Ficool

Chapter 14 - 14

Aiden POV

The private jet landed at José María Córdova at six forty in the morning when the mountains around Medellín were still wearing their clouds and the city in the valley below was just beginning to decide what kind of day it was going to be.

There was no motorcade waiting on the tarmac, no security detail visible from the air, no black SUVs lined up in the kind of formation that made airport staff reach for their phones.

Just a car. One car, dark and unremarkable, parked at the private terminal with Karl behind the wheel and the engine already running because Karl understood without being told that this particular arrival was not the kind that benefited from ceremony.

I came down the steps alone and got in the car and Karl pulled out of the terminal without a word and that was all. Ten years of building the most extensive private intelligence network across seventeen countries had ended with one unremarkable car on a Tuesday morning in Colombia and that felt exactly right to me.

"The ground team has three neighborhoods flagged," Karl said, keeping his eyes on the road as we moved through the outskirts of the city. "Energy readings consistent with sustained Primarch suppression.

The signatures are old, years of the same pattern in the same locations, but the most recent one has been changing." He paused.

"Loosening, is the word Vera used in her report. Like whatever was holding it tight has been slowly letting go."

I looked out the window at the city coming toward us as we descended into the valley. Medellín from the ground was different from Medellín from the air.

From the air it looked contained, a city poured into a shape and held there by mountains on every side.

From the ground it had edges that went in every direction, neighborhoods climbing the hillsides in colors that had been bright once and had softened into something more honest over the years, the kind of city that had survived things and wore that survival openly without making a performance of it.

"How long has the signature been in the third neighborhood," I said.
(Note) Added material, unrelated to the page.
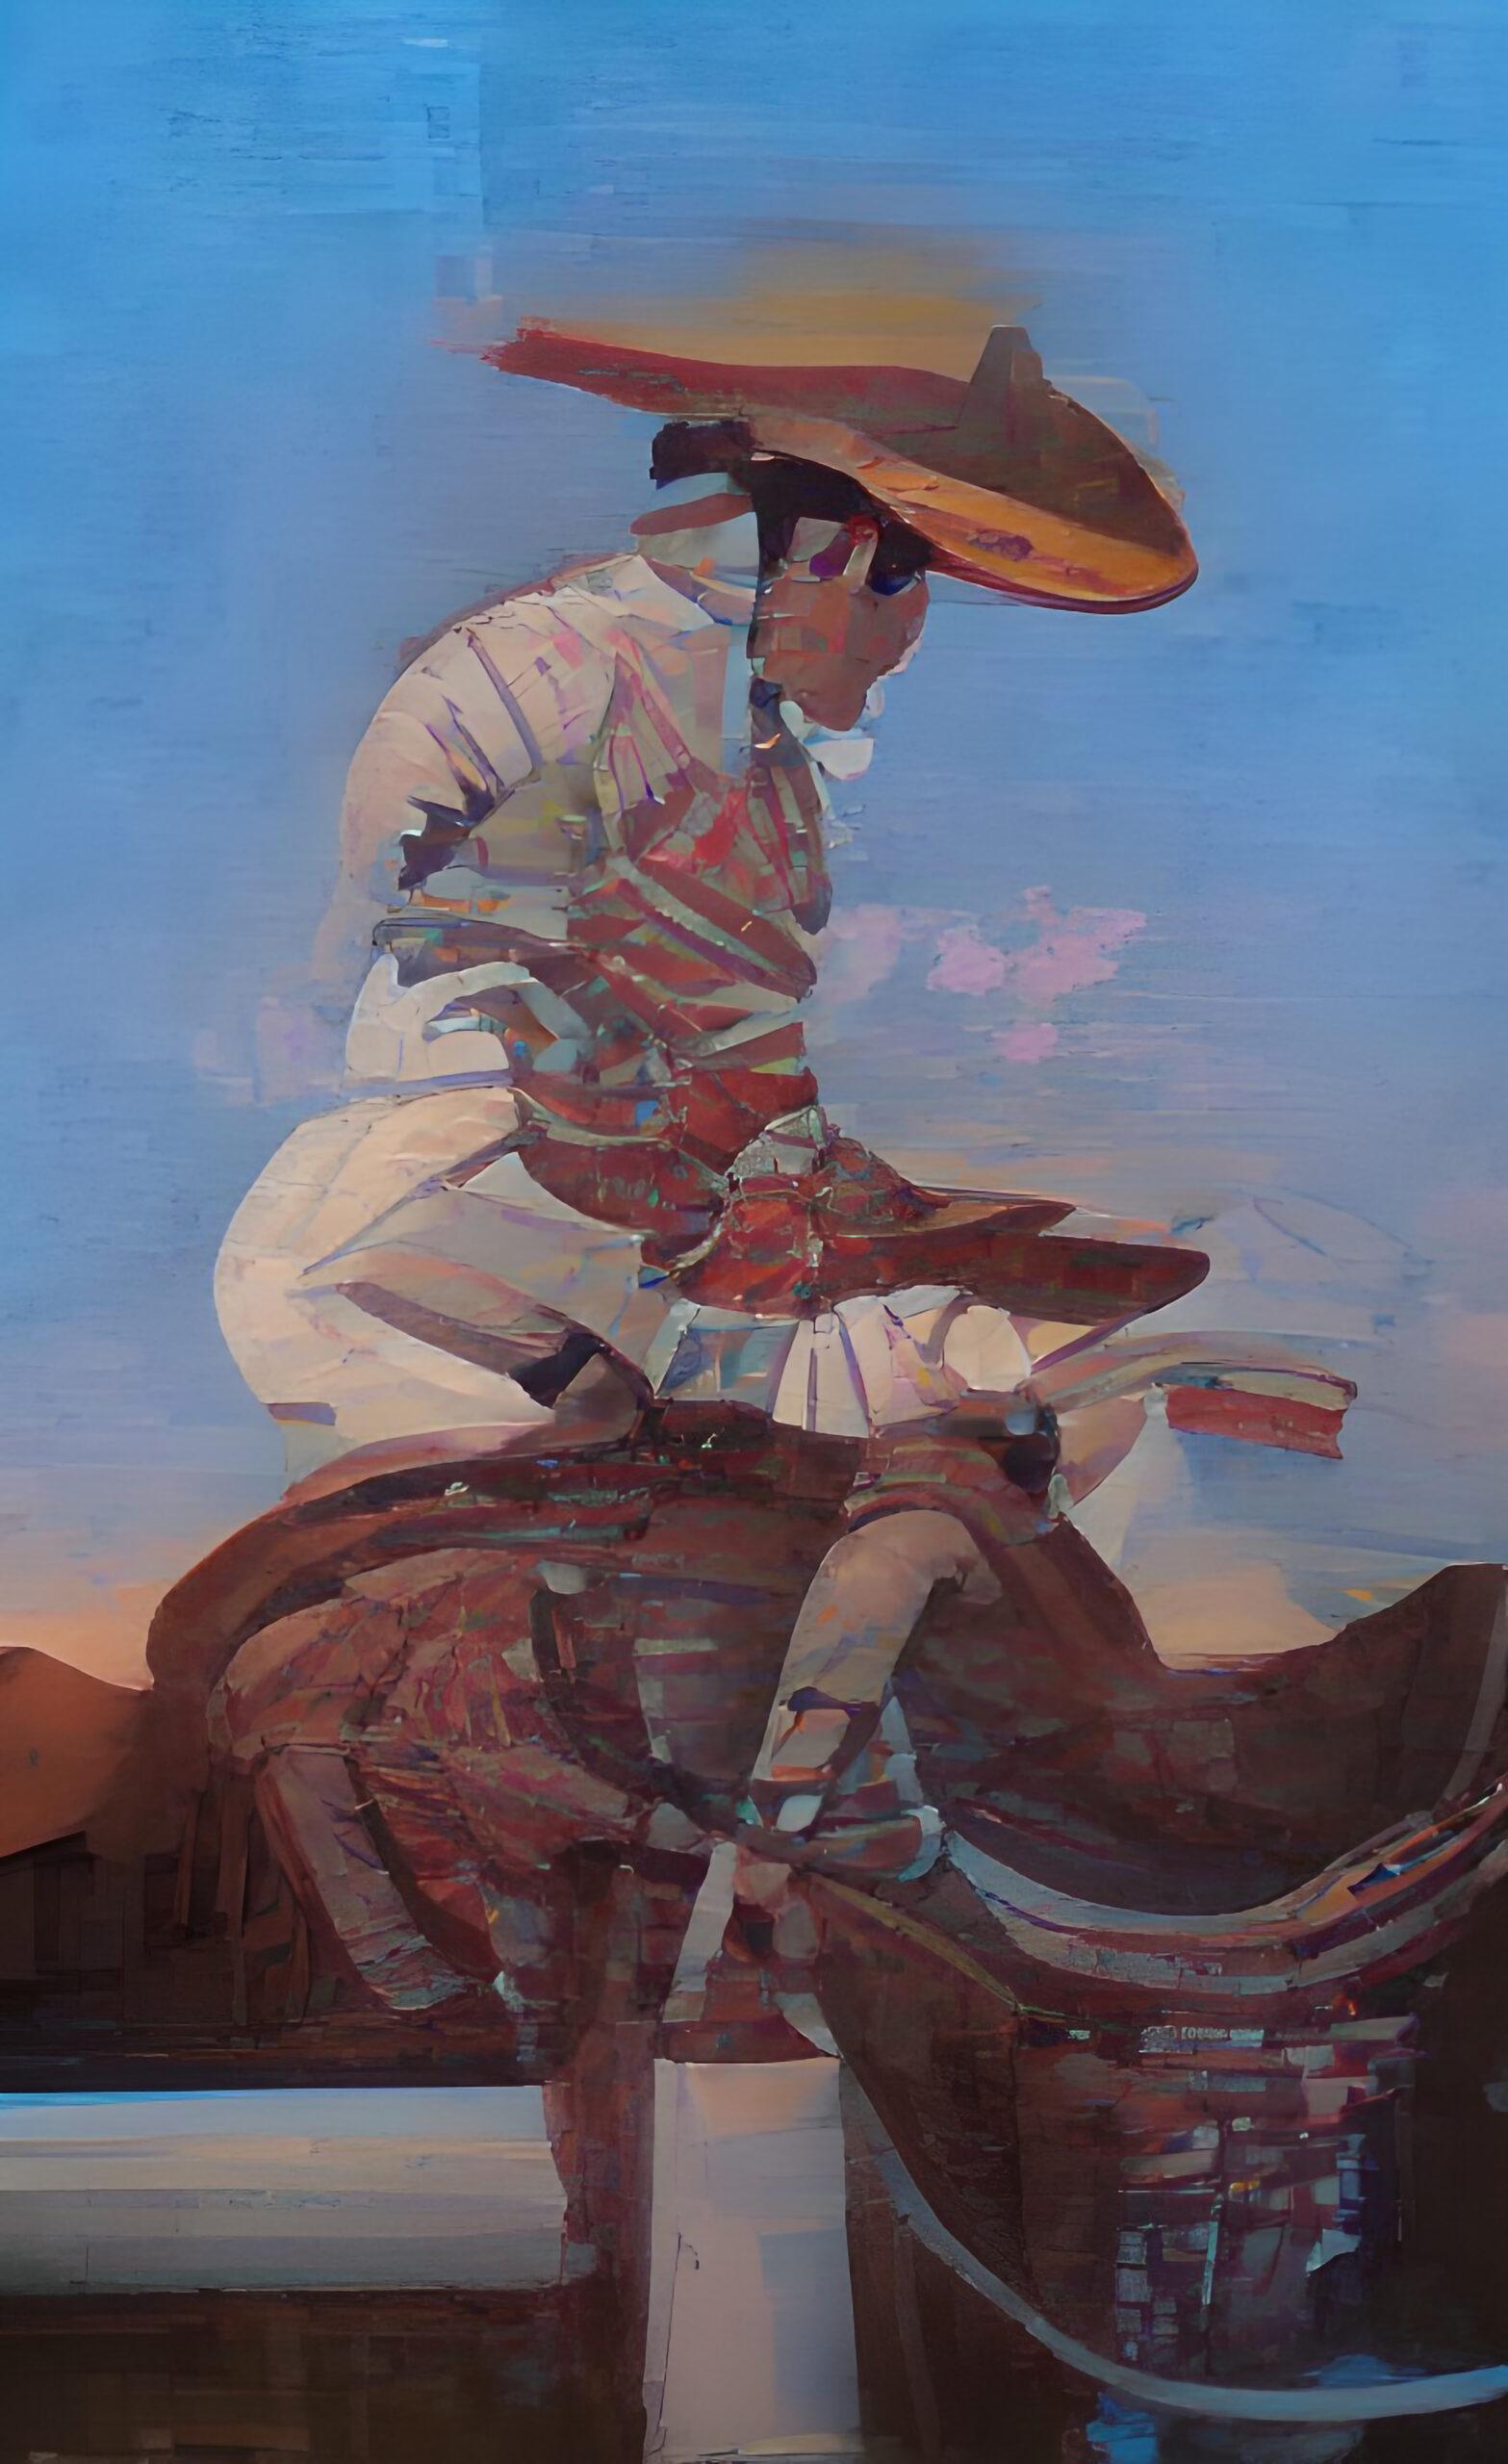 Mexican Rider - Mixed Media Art by Mateo Vegas

"Five years confirmed," Karl said. "Possibly longer but the earlier readings are harder to isolate. Whoever has been suppressing knows what they are doing."

Five years in one neighborhood. Before that, somewhere else. Before that, somewhere else again. Moving carefully, staying ahead of things, building a life that looked ordinary from every angle that mattered.

I had spent ten years learning to read the pattern of someone who did not want to be found and this was exactly what that pattern looked like when it was executed well.

I pressed two fingers against the glass of the window.

"Take me to the third neighborhood," I said.

Karl nodded and said nothing else and that was one of the things I valued most about him.

We parked at the bottom of a hill in the eastern part of the city where the streets were narrower and the buildings older and the neighborhood had the specific quality of a place that had watched the city change around it and simply declined to participate. Karl stayed with the car without being asked.

I got out and stood on the pavement for a moment and let my senses extend outward the way I had learned to extend them over a decade of searching, slow and wide, feeling along the air for the specific frequency that had been in my dreams since I was fourteen years old and in my waking life for ten years and that I had not been able to locate in two continents and four countries and every city in between.

The morning air was cool and smelled of rain from the night before and something baking somewhere nearby and exhaust from the buses on the main road two streets over and underneath all of that, underneath everything, something else.

Faint.

Suppressed.

But there.

I went very still.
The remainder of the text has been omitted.